FCA Claims Subject to FEHA Procedures
FEHA procedures apply; applicants and employees may file a complaint for investigation by the CRD and may obtain an immediate right-to-sue notice.
Work Opportunity Tax Credit
An employer seeking the federal Work Opportunity Tax Credit (WOTC) under the Internal Revenue Code is not exempt from the FEHA. Also, having past felony convictions is one of the qualifying bases for individuals for the WOTC. An employer may request that an applicant complete an IRS Form 8850 (“Pre-Screening Notice and Certification Request for the Work Opportunity Credit”) before extending a conditional offer of employment but may not inquire as to which particular basis qualifies the applicant for the WOTC. An employer may also not require an applicant to complete the U.S. Department of Labor’s Form 9061 (“Individual Characteristics Form, Work Opportunity Tax Credit”) until after the employer has made a conditional offer of employment.
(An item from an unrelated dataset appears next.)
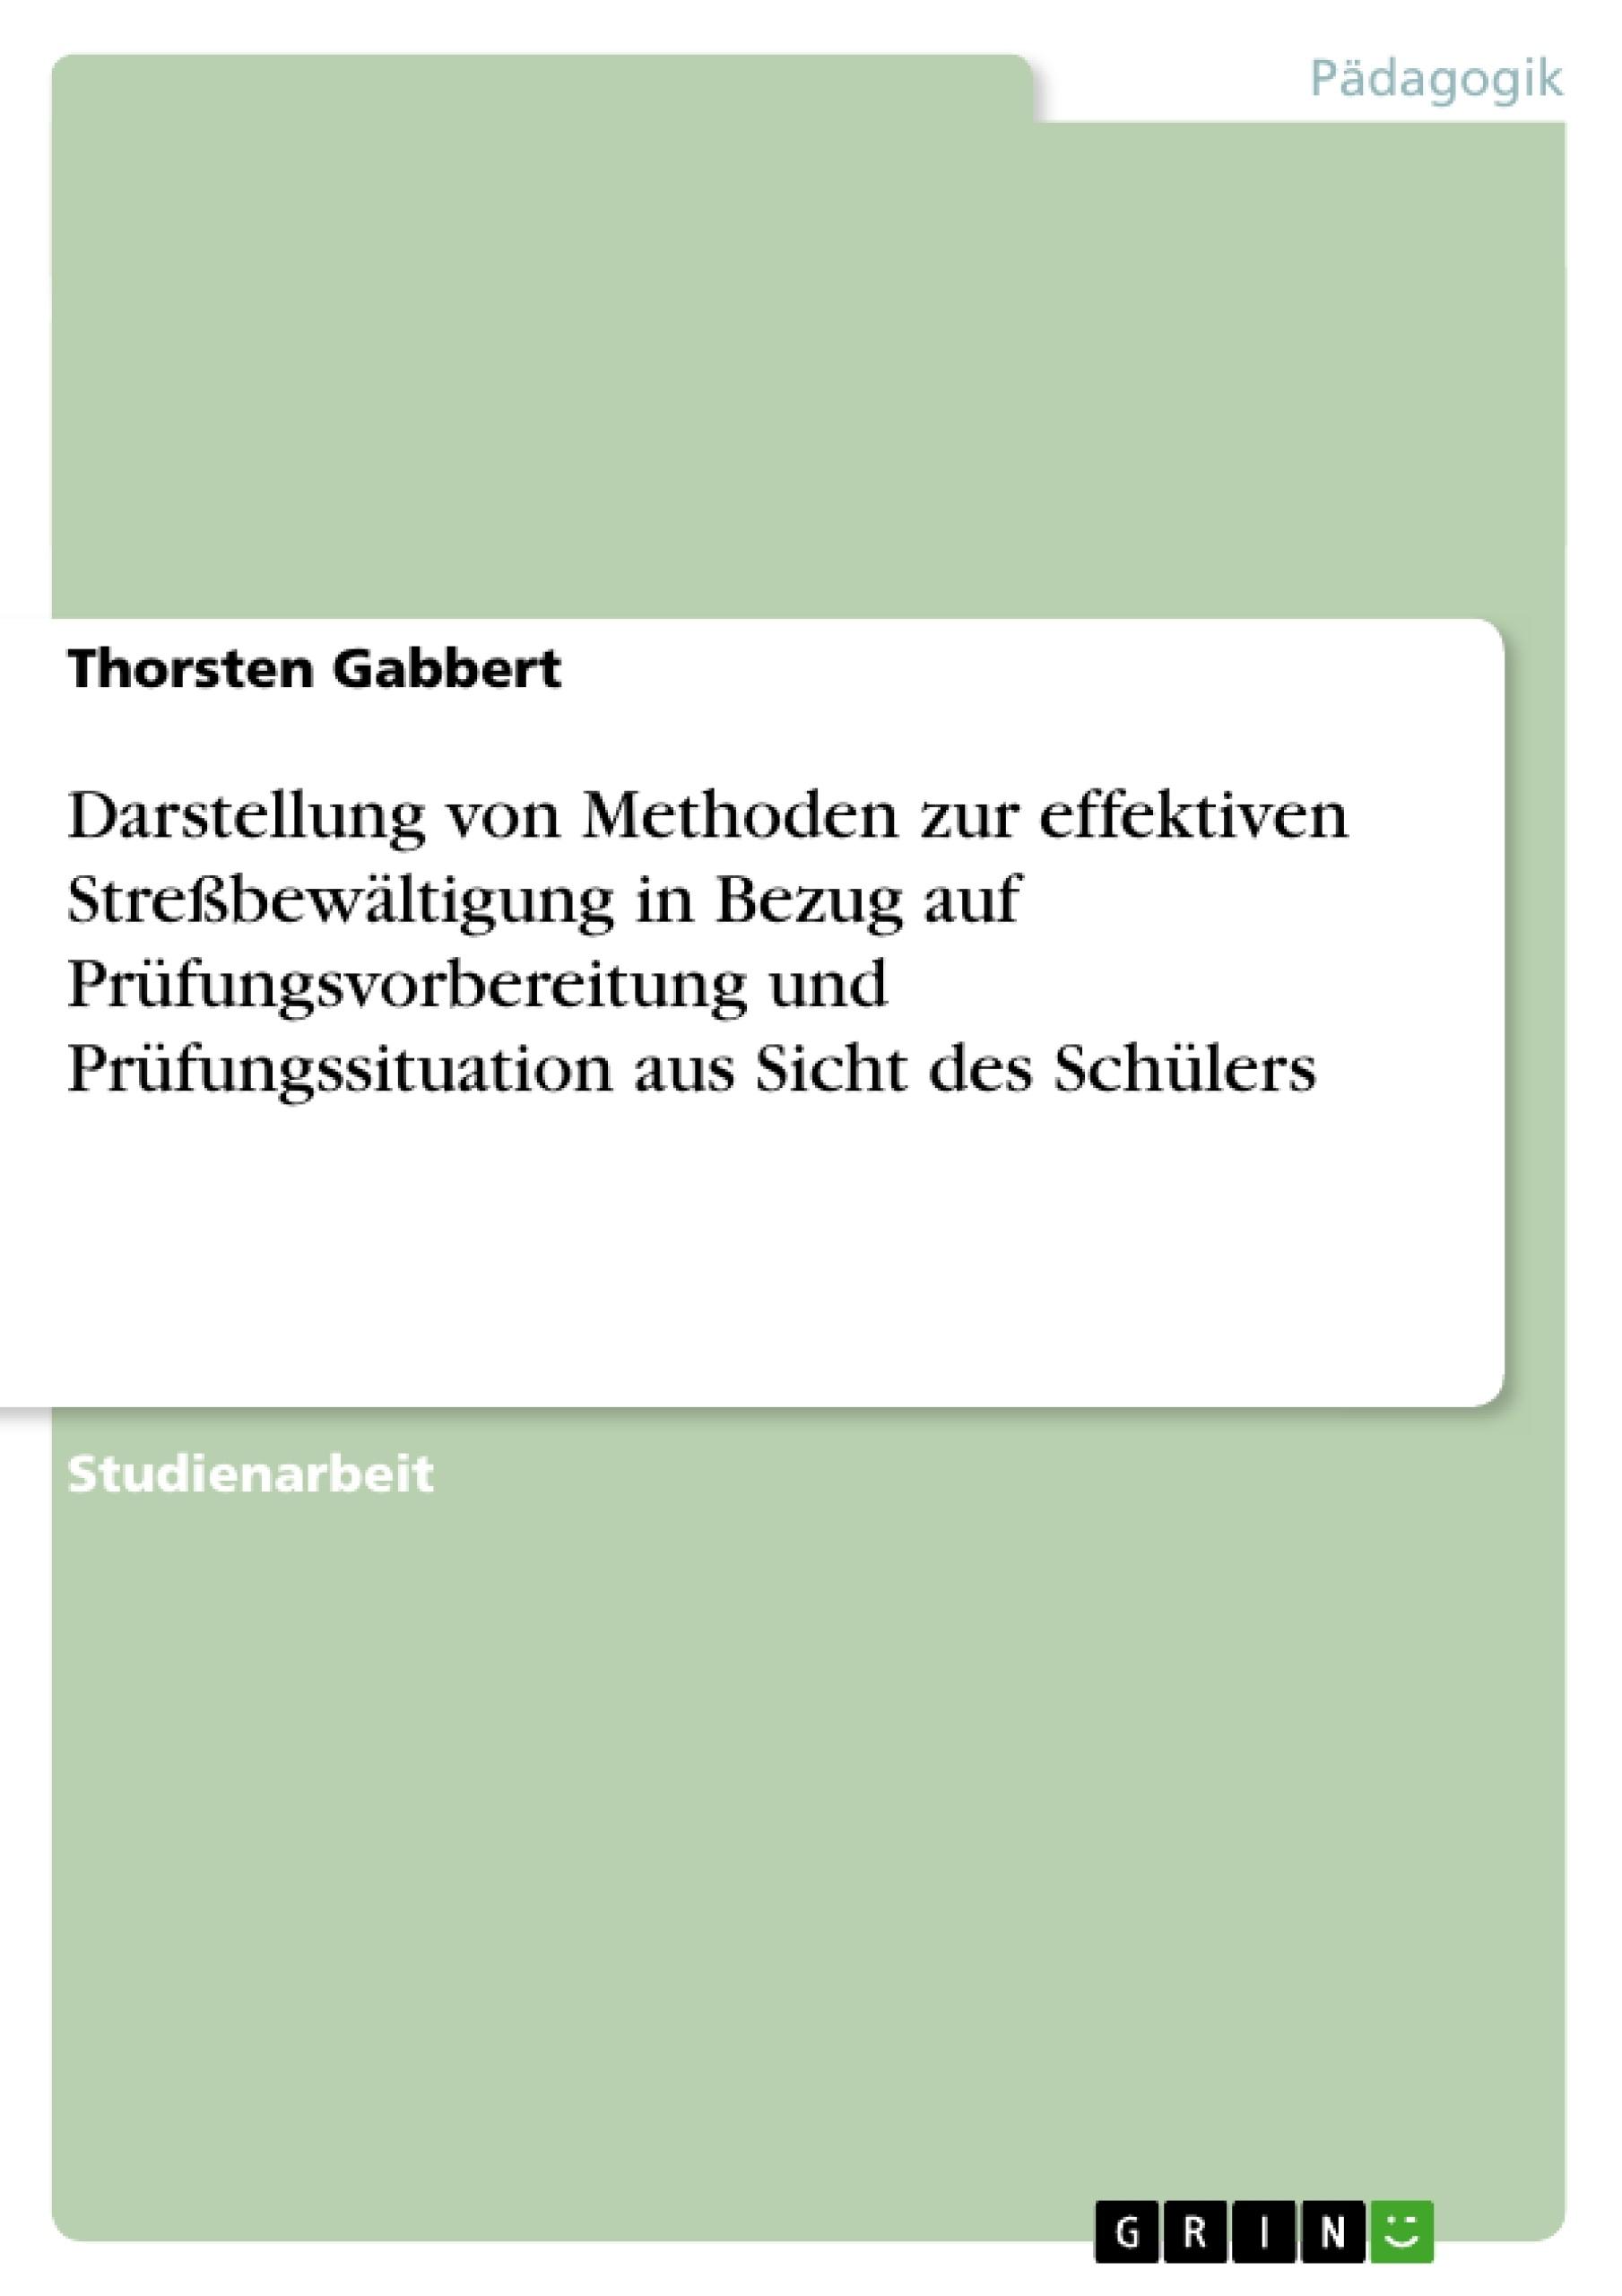 Titel: Darstellung von Methoden zur effektiven Streßbewältigung in Bezug auf Prüfungsvorbereitung und Prüfungssituation aus Sicht des Schülers
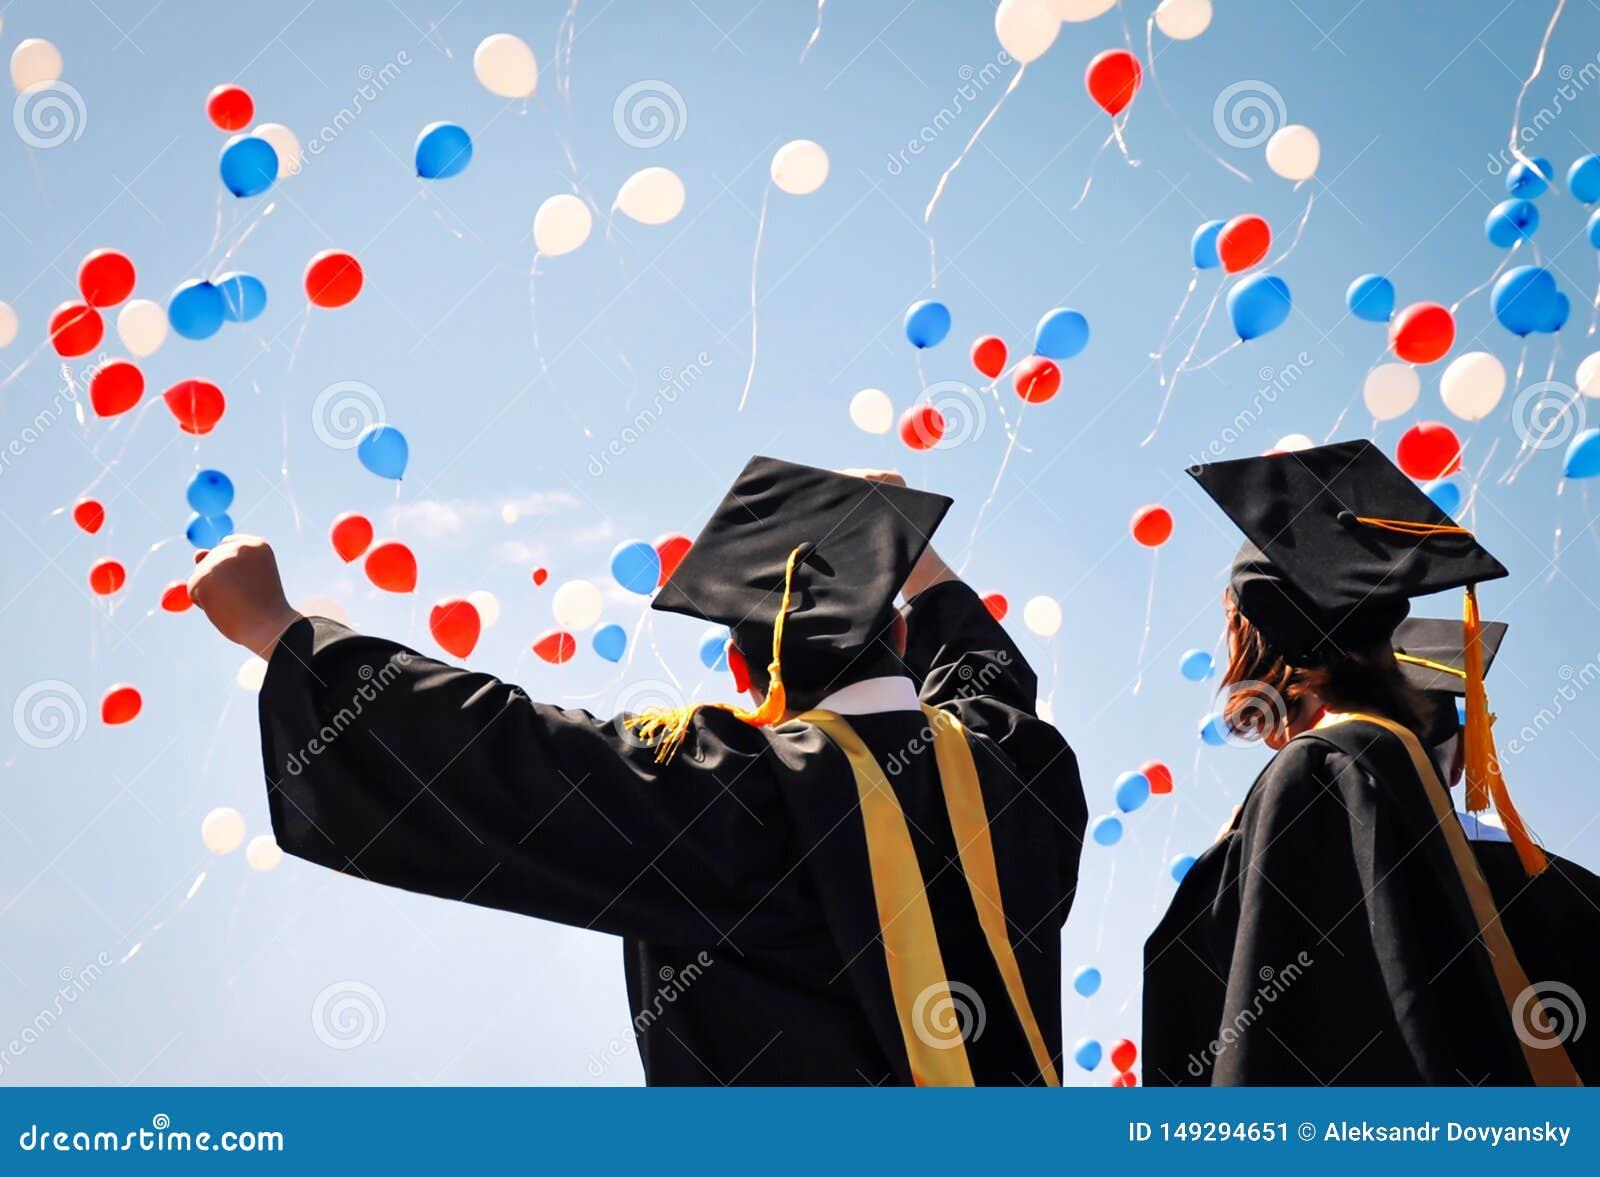 Universitetkandidater i svarta ?mbetsdr?kter jublar, lyfter deras h?nder upp mot himlen och ballongerna

All information concerning the WOTC application must be retained in confidential files separate from the applicant’s or employee’s general personnel file.
Takeaways for California Employers
- Determine whether the company falls within the newly expanded definition of “employer” in the modified regulations. As noted above, “employer” now includes the following: 1) joint employers; 2) entities that evaluate applicant’s criminal history on an employer’s behalf or as the employer’s agent; 3) staffing agencies; and 4) entities that procure workers from pools or availability lists.
- Ensure that the company’s policies and procedures regarding the consideration of criminal history apply to the two new categories of applicants under the expanded definition. As noted above, covered applicants now include current employees who have applied for a different position within the company and existing employees who are subject to a review due to a change in ownership, management, or policy.
- Ensure proper education and training for all employees whose duties are impacted by the new modifications, including management and human resources employees.
- Revise job advertisements and postings as necessary to eliminate improper references to criminal history.
- Ensure that all of the FCA’s procedural requirements are followed in circumstances in which an employer intends to deny an applicant employment because of the applicant’s conviction history.
- Ensure that the employer follows the correct procedures regarding WOTC applications and records.
Employers should also keep an eye on Senate Bill 809, introduced by California lawmakers in February 2023, which proposes a sweeping overhaul of the FCA and seeks to enact the most restrictive laws in the nation banning criminal background checks. However, the bill is currently on pause in the Senate Appropriations Committee, has been moved to a two-year cycle, and is not expected to move forward until 2024.